Les différents courants de l’Islam

L’existence de différents courants procède d’une querelle sur le choix du chef de la communauté, le Calife. Premier converti, cousin germain puis, par Fatima, gendre du Prophète, Ali est élu quatrième Calife, en 656, en concurrence avec un membre du clan des Omeyades, Mu’awiya. Afin d’éviter l’affrontement, Ali accepte un arbitrage sur l’attribution du califat au résultat duquel il ne se soumet pas.

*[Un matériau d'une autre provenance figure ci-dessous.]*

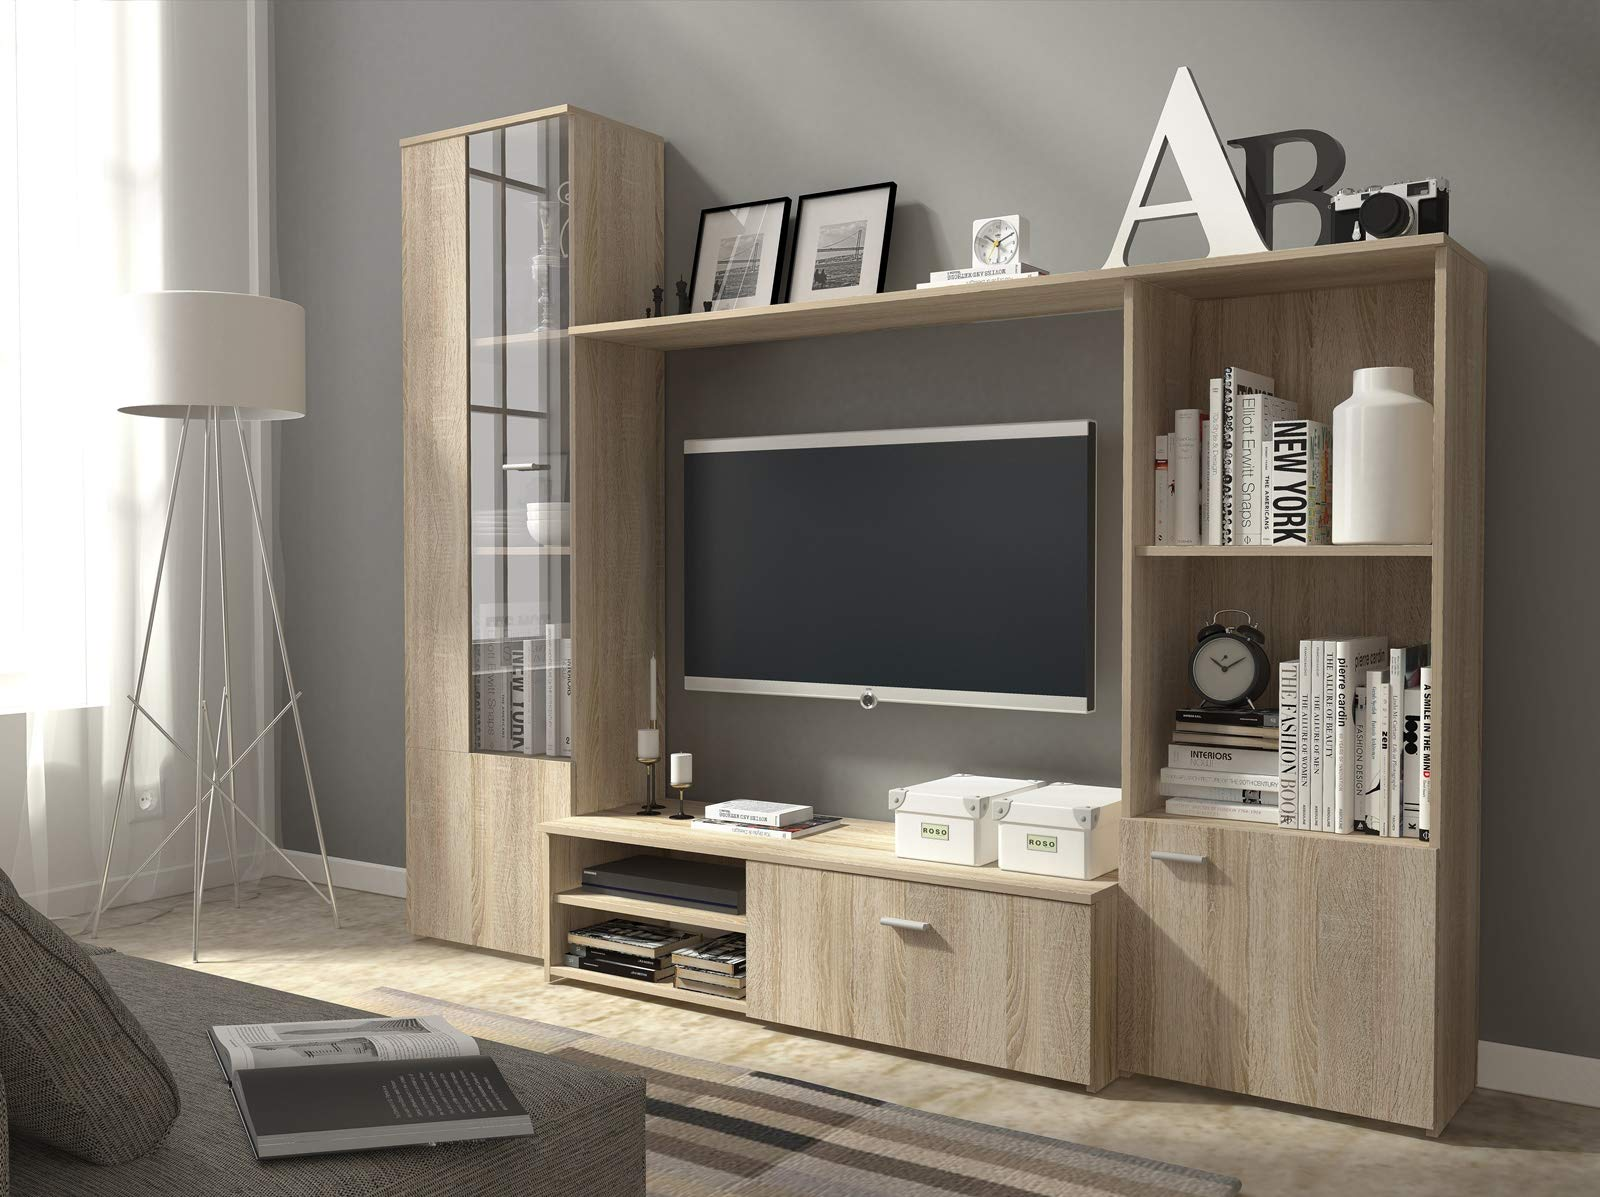 tv wall units for living room amazon co uk rh amazon co uk wall units living room uk wall units living room

Lors de l’arbitrage décidé à Siffîn (en 656), les sunnites se sont soumis à la victoire de Mu’awiya tandis que les partisans d’Ali, calife destitué, devinrent les chi’ites. Le sunnisme se définit comme la communauté du “juste milieu”. Elle est définie par le Coran, les hadiths, c’est-à-dire les dits, faits et gestes du prophète rapportés par ses compagnons immédiats, auxquels se rajoutent ceux des quatre premiers califes et les suivants immédiats.

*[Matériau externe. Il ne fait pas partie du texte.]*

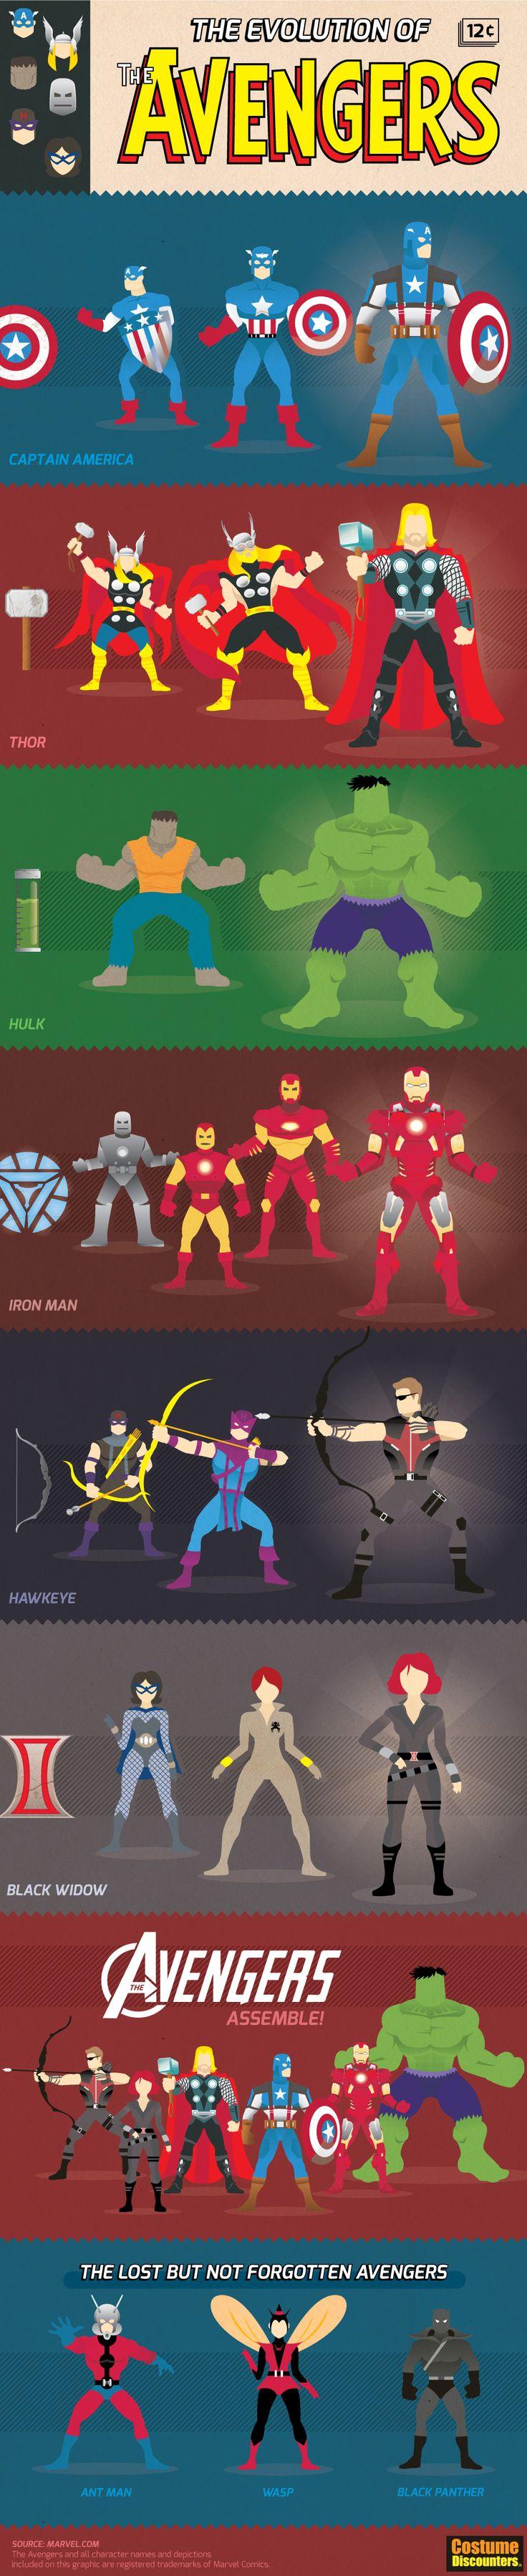 The Evolution Of The Avengers Infographic * Captain America * Thor * Hulk * Iron Man * Hawkeye * Black Widow *

Les chi’ites sont à l’origine des partisans d’Ali. Dans le chi’isme, l’imam est le successeur spirituel du prophète. Des divisions significatives à l’intérieur du chi’isme sont apparues au moment de la succession du sixième imam, avec l’émergence du chi’isme duodécimain (présent en Iran, en Irak et au sud du Liban) pour lequel la lignée d’Ali s’arrête au douzième imam et l’ismaélisme (présent sur la côte occidentale de l’Inde), pour lequel elle s’arrête au septième imam, Ismaël, considéré comme “ caché ” et qui doit revenir à la fin des temps. En matière de droit, le chi’isme n’est pas fondamentalement différent du sunnisme avec cependant quelques variantes. Le Coran, les hadiths du Prophète, auxquels se rajoutent ceux des imams, constituent les deux premières sources du droit, vient ensuite le consensus de la communauté (ijma) mais conditionnée par l’approbation de l’imam. Autre différence avec le sunnisme : les chi’ites ont maintenu ouvertes les portes de l’interprétation. Sur le plan cultuel, les pratiques sont semblables à l’exception du mariage qui peut être temporaire pour les chi’ites.

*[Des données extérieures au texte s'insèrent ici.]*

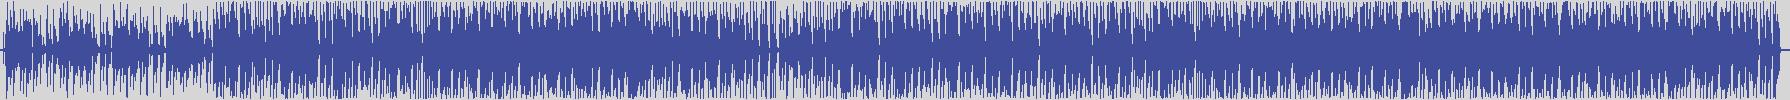 gold_hit_records [GHR003] Lucas Castro - Si Me Preguntan Por Ti [Radio Edit] audio wave form

Les kharijites sont présents dans le sultanat d’Oman mais aussi au Maghreb (Tunisie, Algérie, Lybie), ils réuniraient un million de personnes. Ils sont les héritiers des musulmans qui firent scission au moment de la bataille de Siffîn, au sujet de la succession du prophète. A l’origine partisans d’Ali, ils s’en sont séparés lorsque celui-ci accepta l’arbitrage humain pour décider de la succession du Prophète. Dans ce courant de l’Islam, l’origine de l’imam est indifférente si ses vertus le qualifient pour une telle charge.